Shortly before his arrest, he told journalists at Moscow's airport he was not afraid because "I know that I will leave and go home because I'm right and all the criminal cases against me are fabricated." Navalny probably wanted to end his stay abroad in order to avoid the risk of becoming irrelevant or being seen as a foreign-backed agent.

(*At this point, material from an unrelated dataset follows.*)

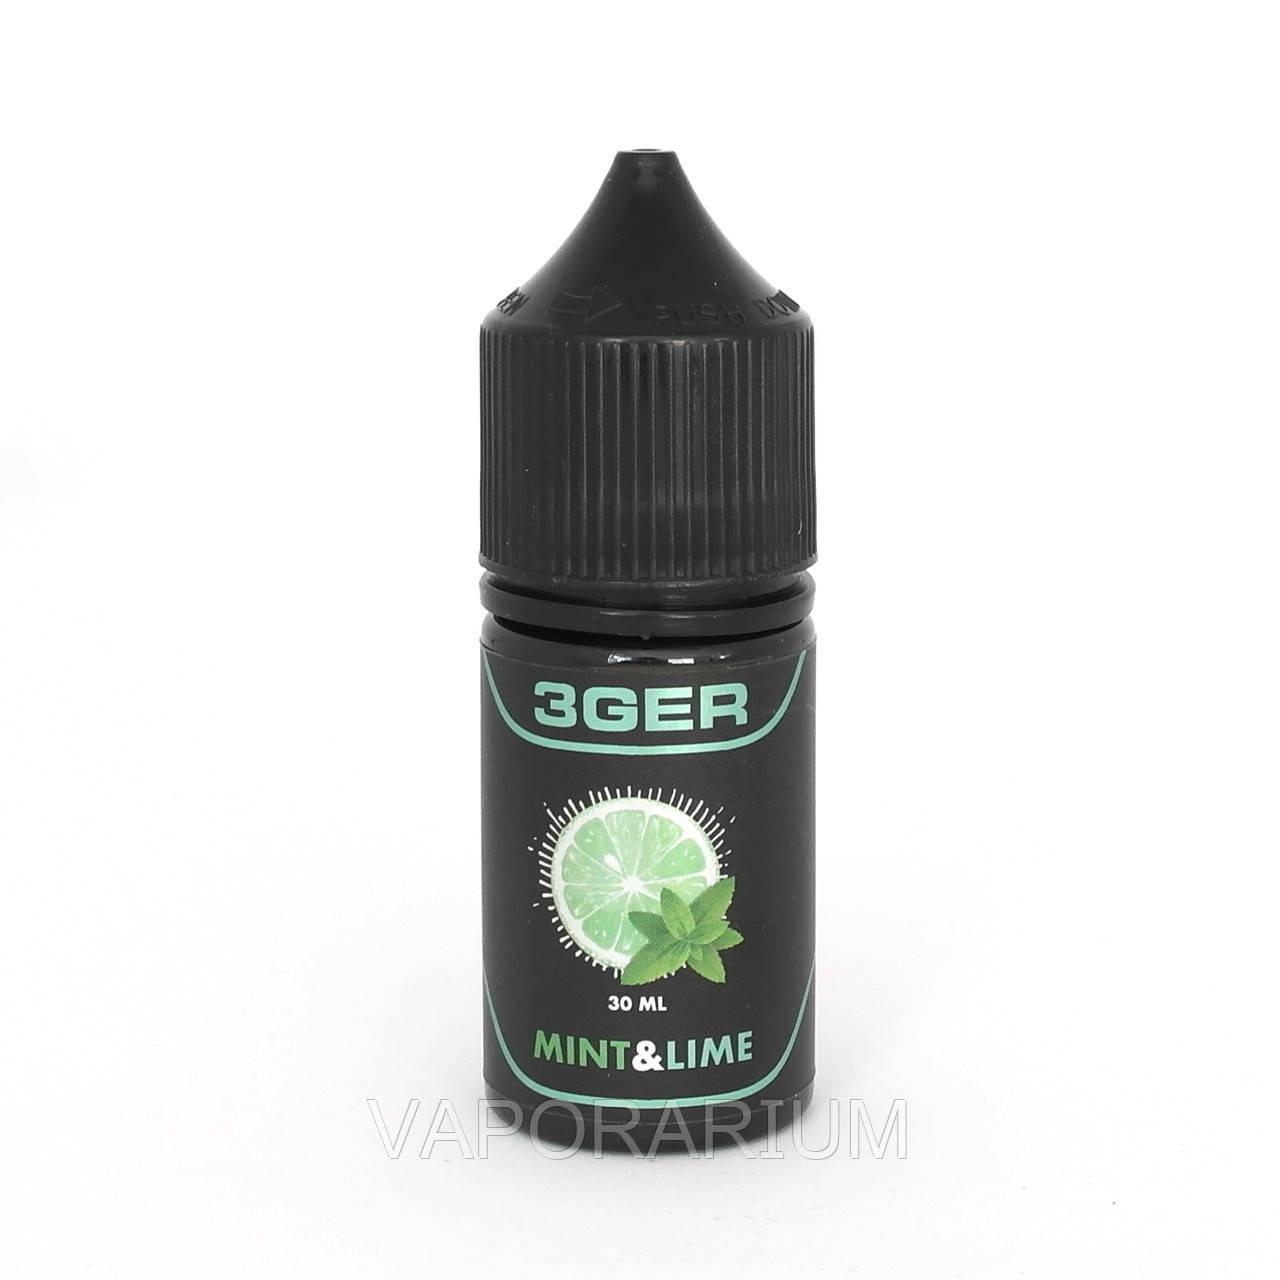 Жидкость для электронных сигарет 3Ger Charlies Mint Lime 1.5 мг 30 мл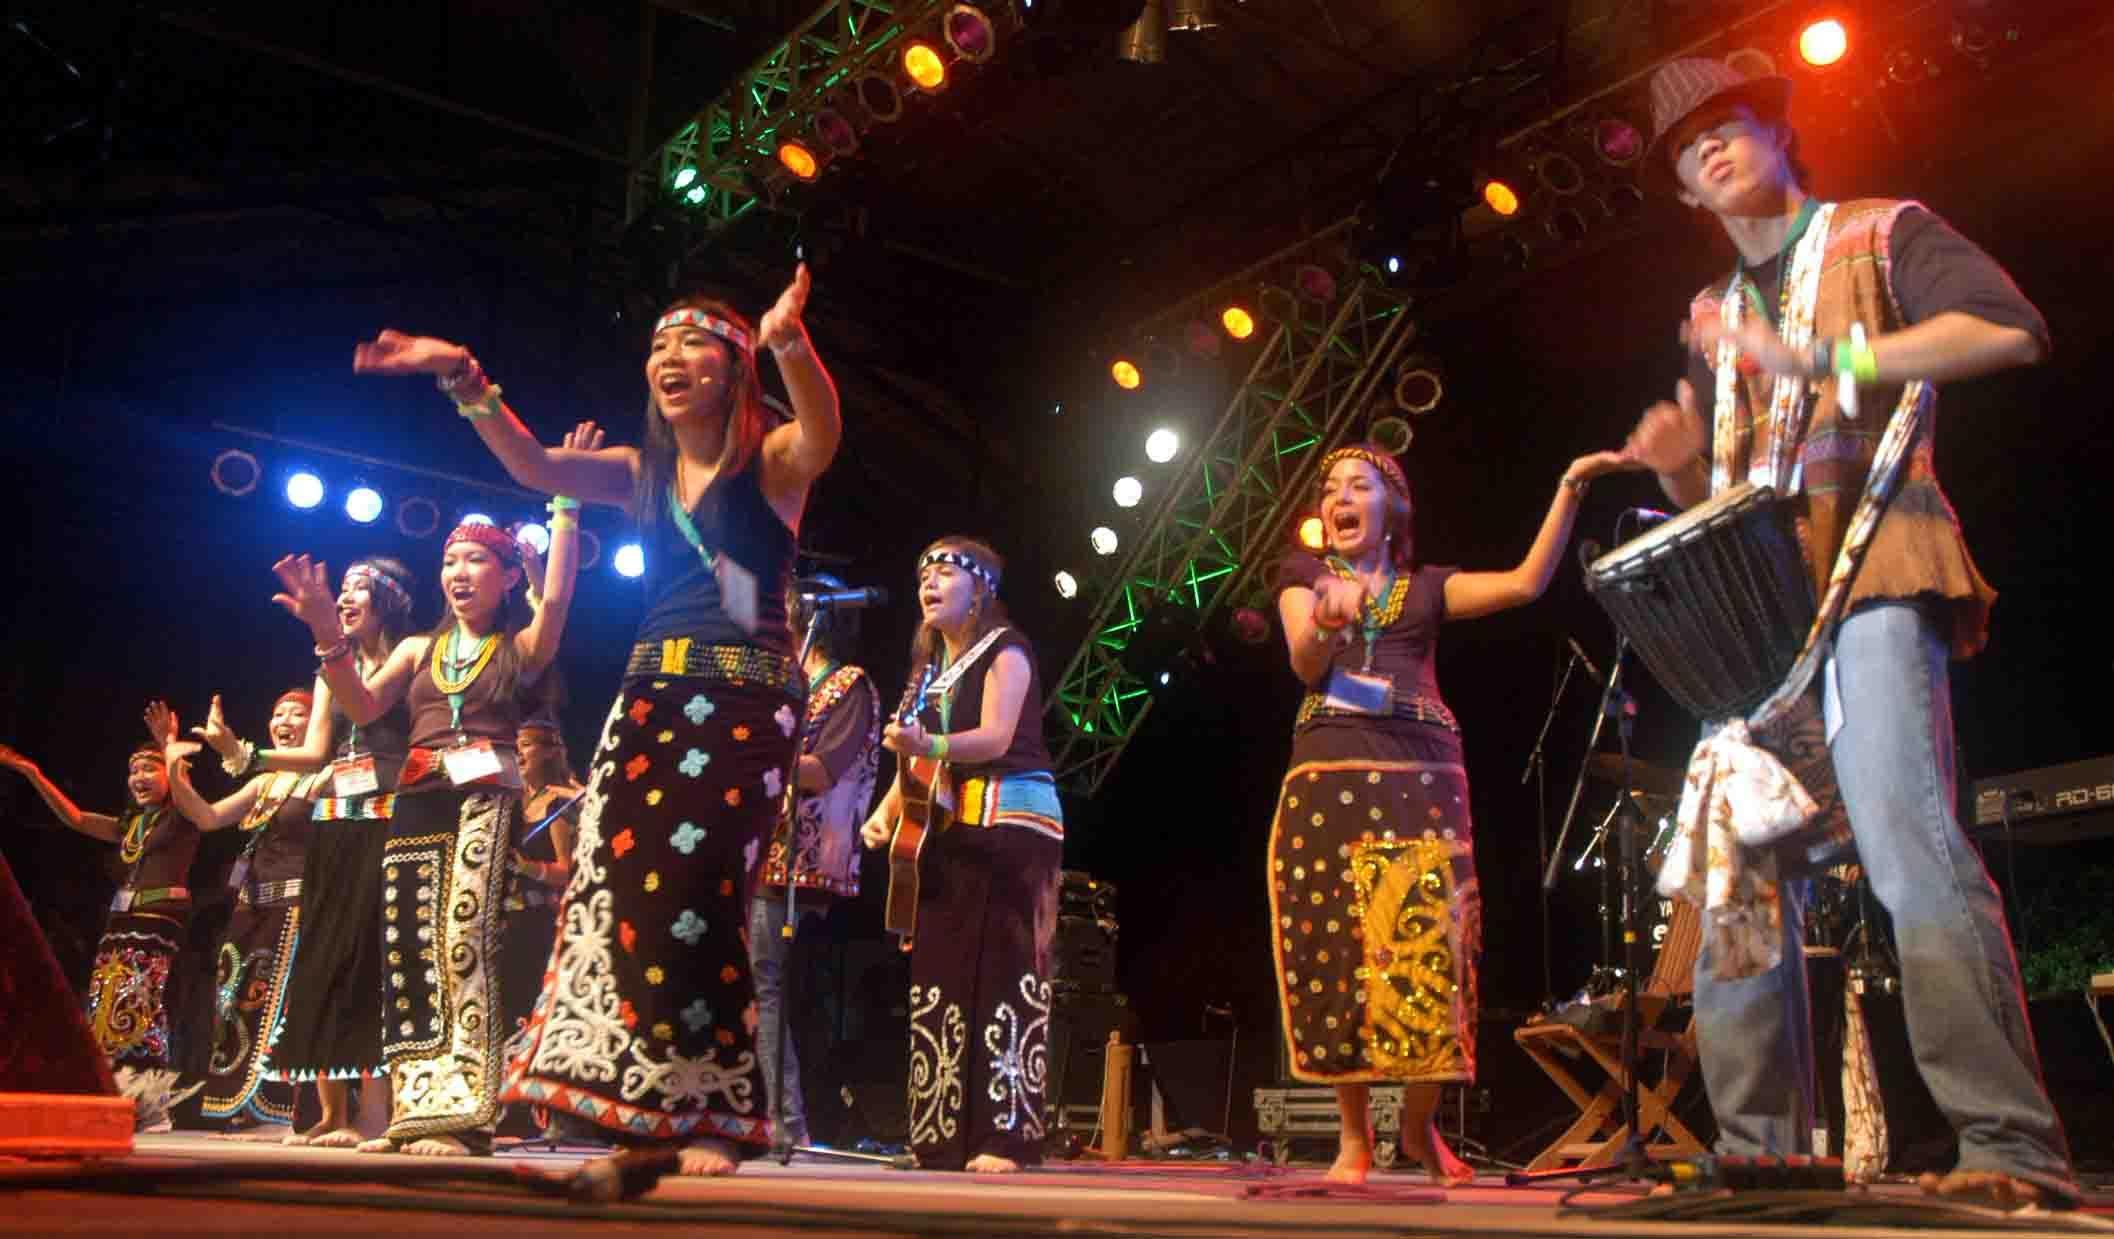 Sarawak: A world of music and crafts

Likely he had an eye on two things: the situation of Belarus opposition leader Svetlana Tikhanovskaya, who was forced to go into exile in Lithuania last August and remains outside of her country, and the fact that Russians -- as I am told by many contacts in the country -- rarely have sympathy for politicians who flee abroad (even though his departure from Russia last year was forced by his needing medical treatment after the poisoning attempt, which almost killed him).
Putin, who typically refuses to acknowledge Navalny by name and has said that if Russian special services had wanted to kill Navalny they would have "finished it," probably wanted nothing more than to see the anti-corruption activist absent at least until later this year, after elections for the lower house of Parliament are held and where the ruling, pro-Putin United Russia party is hoping to be handed a loyal majority in the next State Duma. "This is the main political event of the year and the main reason to ensure his (Navalny's) absence," Russian political scientist and Chatham House Associate Fellow Ekaterina Schulmann told me Sunday.
At the time of his poisoning, Navalny, who refers to United Russia as the party "of crooks and thieves" was promoting a "Smart Voting" strategy that encourages voters to cast tactical ballots for any opposition candidates considered likely to unseat a ruling party member in regional and federal elections. The tactic was used effectively in Moscow last year. That, coupled with an ability to reach millions of supporters via social media and in a way which Putin and his cronies are unable to compete, presented a formidable challenge that the Kremlin could not ignore.
Navalny's return home also comes at a time the Kremlin and its security services are likely still seething: Late last year, an investigation by CNN-Bellingcat revealed the complicity of Kremlin agents in the poisoning, with Navalny duping a Russian agent tailing him into discussing details of the poisoning.
To further complicate matters for Navalny and his movement, harsh Covid-19 restrictions in Russia make it difficult for large protests to take place. That, coupled with an economic downturn, essentially silenced Russia's protest movement throughout 2020.
The pandemic situation in Russia is one of Putin's top problems at the moment. According to the Johns Hopkins Coronavirus Resource Center, Russia, with more than 3.5 million cases, has the fifth highest caseload in the world. (Though Russia's official reporting figures, especially on deaths, is said to be wildly inaccurate).
A series of other economic headaches are hitting hard: plummeting global oil prices, the disruption to the completion of Russia's $11 billion Nord Stream 2 gas pipeline project and punishing sanctions imposed after Russia illegally annexed Crimea in 2014 and invaded eastern Ukraine shortly afterward. An unpopular attempt in 2018 to raise the pension age infuriated many Russians and caused the ruling party's popularity to plummet.
Putin may have wanted to sideline Navalny at a time when incoming US President Joe Biden is distracted by crises like Covid-19, domestic violence and the foreign policy fires lit by outgoing Secretary of State Mike Pompeo (Taiwan, Cuba, Sudan) in his final days in office.
Russia is certainly on Biden's agenda, with his incoming National Security Advisor Jake Sullivan already signaling a more activist approach, calling the attacks on Navalny "not just a violation of human rights, but an affront to the Russian people who want their voices heard."

But the new administration needs to play a more activist role. Biden needs to take this opportunity to forge a unified alliance among world leaders to confront Putin and renew pressure on him to lay off opposition leaders such as Navalny and Tikhanovskaya.

And to do it before Putin takes any more outrageous steps against those who speak out in opposition to him.